沉香祭司看着屋外的洋洋大雪,沉了沉眉。
关上门,返回屋内给夜风倒了一杯热水。
夜风盯着沉香祭司手里冒热气的杯子,没伸手。
沉香祭司一直保持递杯子的动作,连呼吸都想停止。
最终,夜风伸手接过杯子:“她封印解了还是感知到了什么?”
声音轻冷的好似不在意这场谈话。
沉香祭司听的鸡皮疙瘩直起,后背脊发寒。
努力控制自己要乱的心跳:“不清楚。”
沉香祭司给自己倒了一杯热水,透过杯壁感受温暖的传递:“她这段时间不怎么和我说心事。”
夜风转动手里的杯子,一字一字:“阿香,你在说谎。”
“我没有。”沉香祭司勇敢对上夜风冰冷的视线,“我以天神之名起誓,我没有和你说谎。”
“阿瑟这段时间真的没找我说她的心事。”
夜风目光如门外寒雪般刺骨:“行,那我换个问法。”
沉香祭司的睫毛轻轻一颤,像百里之外的小鸟翅膀震动一下,微不可察。
夜风抿了口热水,声音沉而冷:“土豪大祭司和花岁祭司在阿雨身上下了什么禁?”
“没有。
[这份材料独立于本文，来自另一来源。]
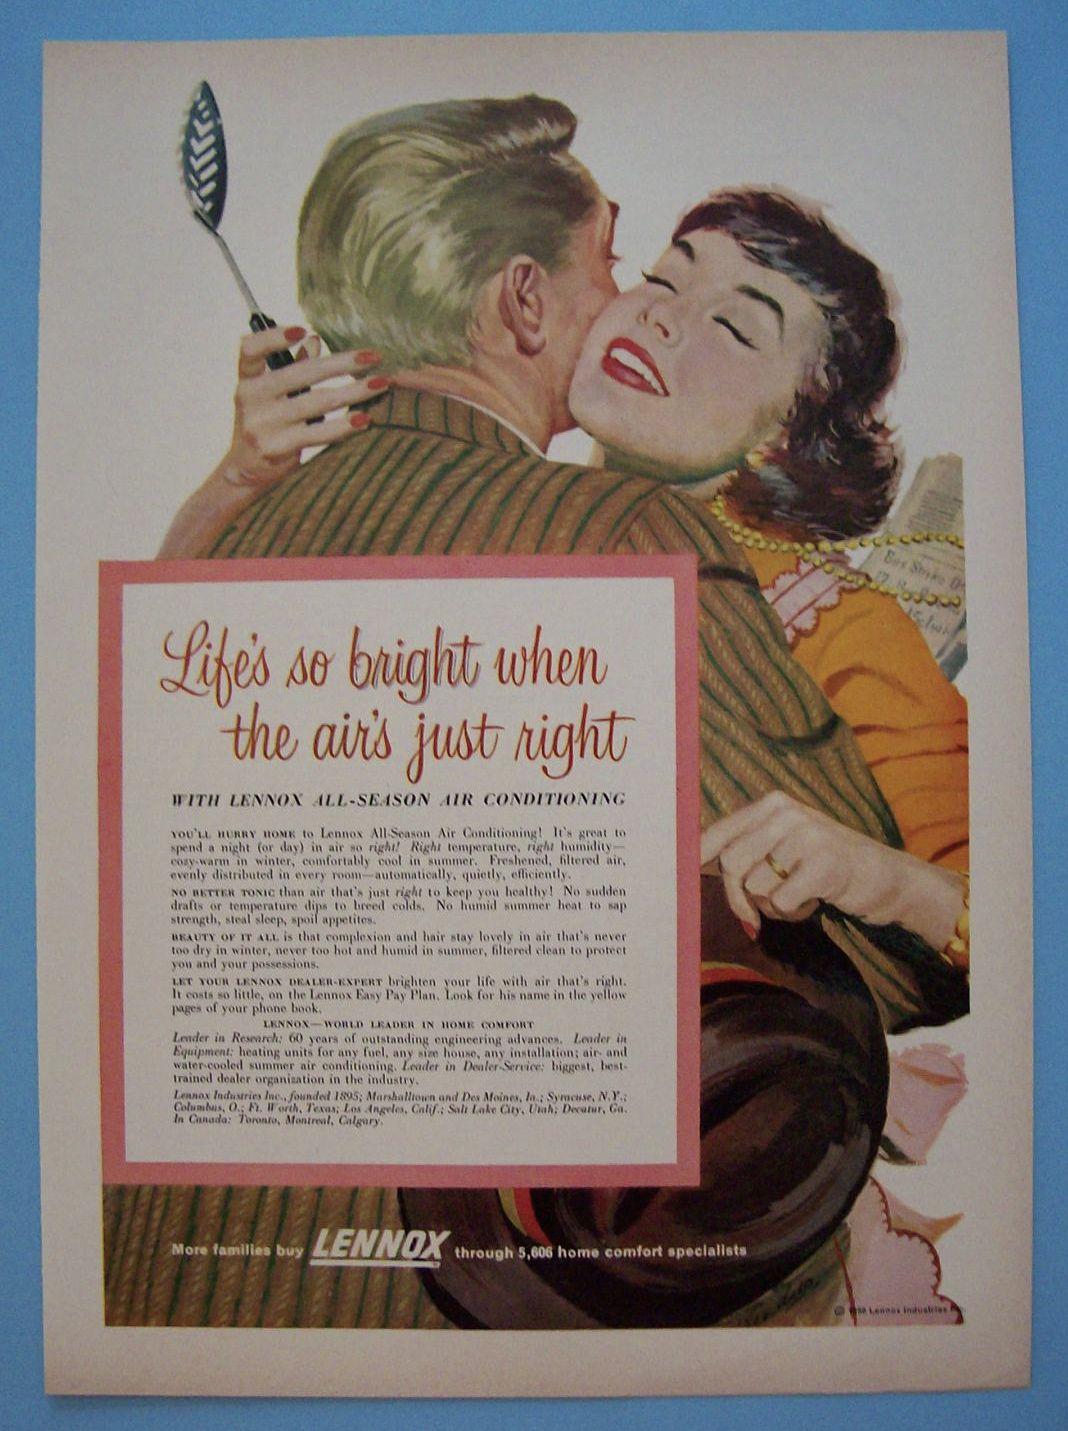 Vintage Ad 1956 Lennox AllSeason Air Conditioning

”沉香祭司不待夜风说完,脱口而出,“什么都没有下。”
大马金刀坐着的夜风,气势强大如柄大黑刀,直刺沉香胸口:“阿雨是阿瑟这次祭天的替代者。”
沉香祭司的声音比先前抖的更凶:“不是。”
她说的很坚定,没有一丝犹豫,只是身体在不停颤抖。
面对气场强大的夜风,沉香祭司根本顶不住。
她的身体抖的更厉害,眼里都蓄了泪水。
夜风看着沉香祭司如风雪中挣扎的小草:“阿雨不是替代者,你却默认他跟在阿瑟身边。”
“你对我瞒了多少?”
“花岁祭司曾经跟我们说过,阿瑟有一天会穿她来时的衣服飞上天。”
“你还记得吗?”
沉香祭司的脸色发白,声音抖成碎:“记得。”
“花岁祭司这意思……”夜风的声音像羽毛轻,“阿瑟最终还是要回到她的神女部落去,对吧。”
沉香祭司头低的更低,心也冷的打抖。
只有杯壁上传来的温暖,让她知道自己还有温暖在胸胸里。
夜风紧紧捧着杯子,阻挡他身体的颤抖:“阿瑟把阿雨带在身边,一定是知道阿雨是她祭天的替代者。”
“她不会让你们把阿雨献出去。”
不敢面对夜风的沉香祭司,努力辩解:“阿雨不是。”
夜风看着站在自己面前,身体发抖的沉香祭司:“不管是谁,阿瑟都会宁愿自己祭天,也不会找替代者。”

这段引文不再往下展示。